After graduating from Makerere University, Bataringaya became a secondary school teacher. He taught at Ntare Secondary School, a residential single-sex all boy's secondary school located in Mbarara, Mbarara District, Uganda. He then became the school supervisor of the Ankole Catholic schools from 1959 to 1961, when he was first elected to the Parliament of Uganda.
Bataringaya attended St. Leo's College, Kyegobe, a residential boys' secondary school of Catholic curriculum, located in Fort Portal, Kabarole District in the Western Region of Uganda from 1945 to 1947. He then attended the Government Teacher Training College of Uganda (TTC) from 1948 to 1949. He then attended Makerere University, Uganda's top university, from 1953 to 1956. It was at Makerere University that Bataringaya began his political career, becoming the University College Guild president for the 1955 to 1956 term.

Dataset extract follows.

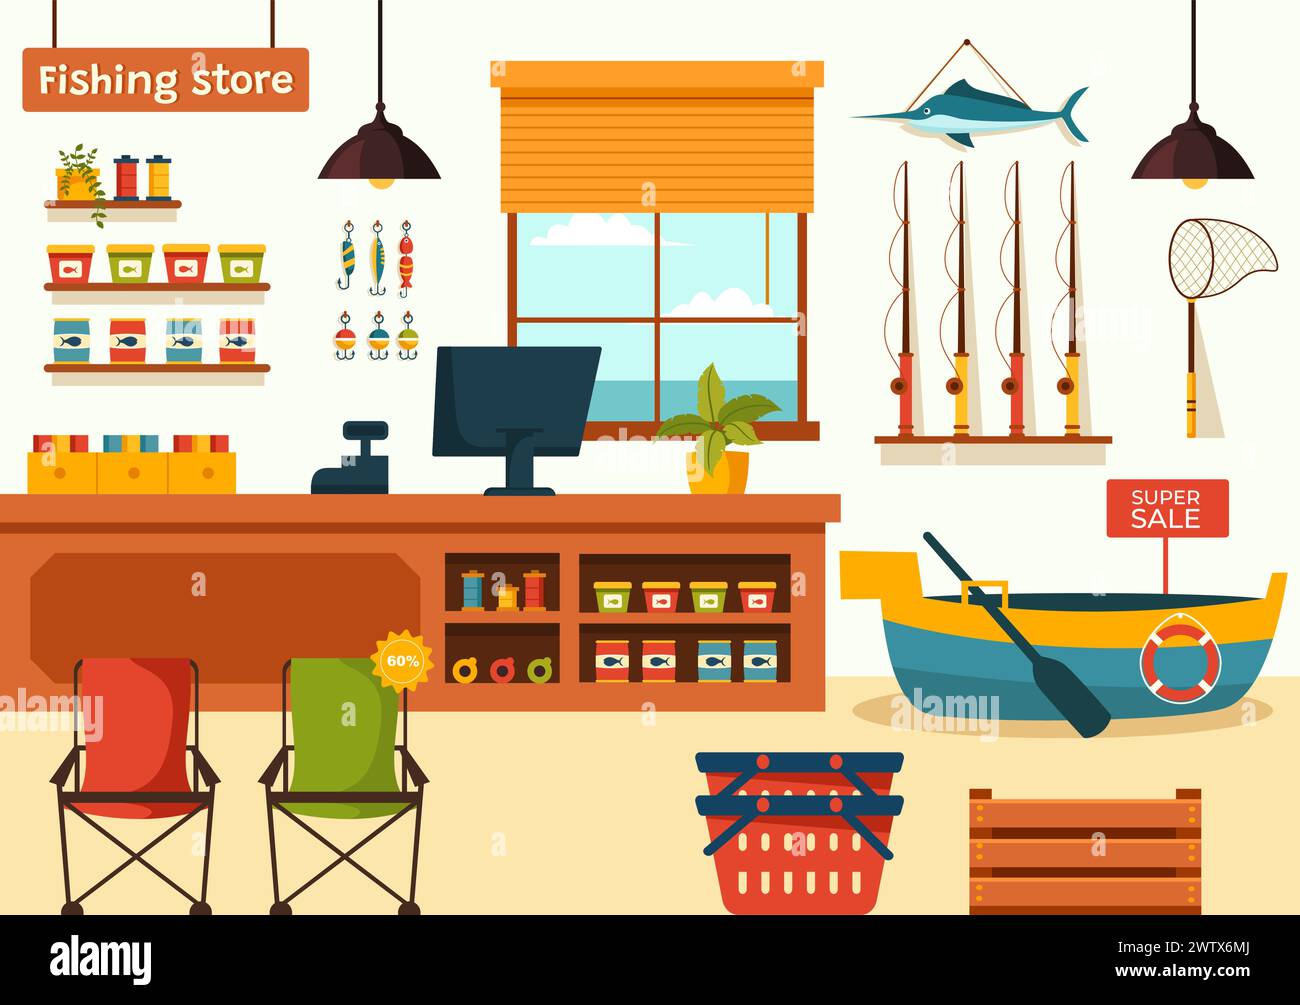 Fishing Store Vector Illustration with Selling Various Fishery Equipment, Bait, Fish Catching Accessories or Items on Flat Cartoon Background Stock Vector

Basil Kiiza Bataringaya was born in 1927, in the village of Kantojo, in the county of Igara, in the Bushenyi District of the Ugandan Protectorate. His father was Marko Kiiza, who was the Ssaza Chief of Bunyaruguru at the time. A Ssaza was the equivalent of a county in the newly created administration divisions after the absorption of the Ankole Kingdom in to the British Protectorate of Uganda, as a part of the Ankole Agreement of 1901. The Ankole Agreement set the boundaries of the Bunyaruguru Ssaza as "On the north-west by the Dweru Channel; on the east by the Chambura River, the recognized Bunyaruguru-lgara and Kamsura-Igara boundaries; on the south by the Rwenchwera River; on the west by Lake Albert Edward", and gave Bataringaya's father a powerful position in southwestern Uganda during the early 20th century.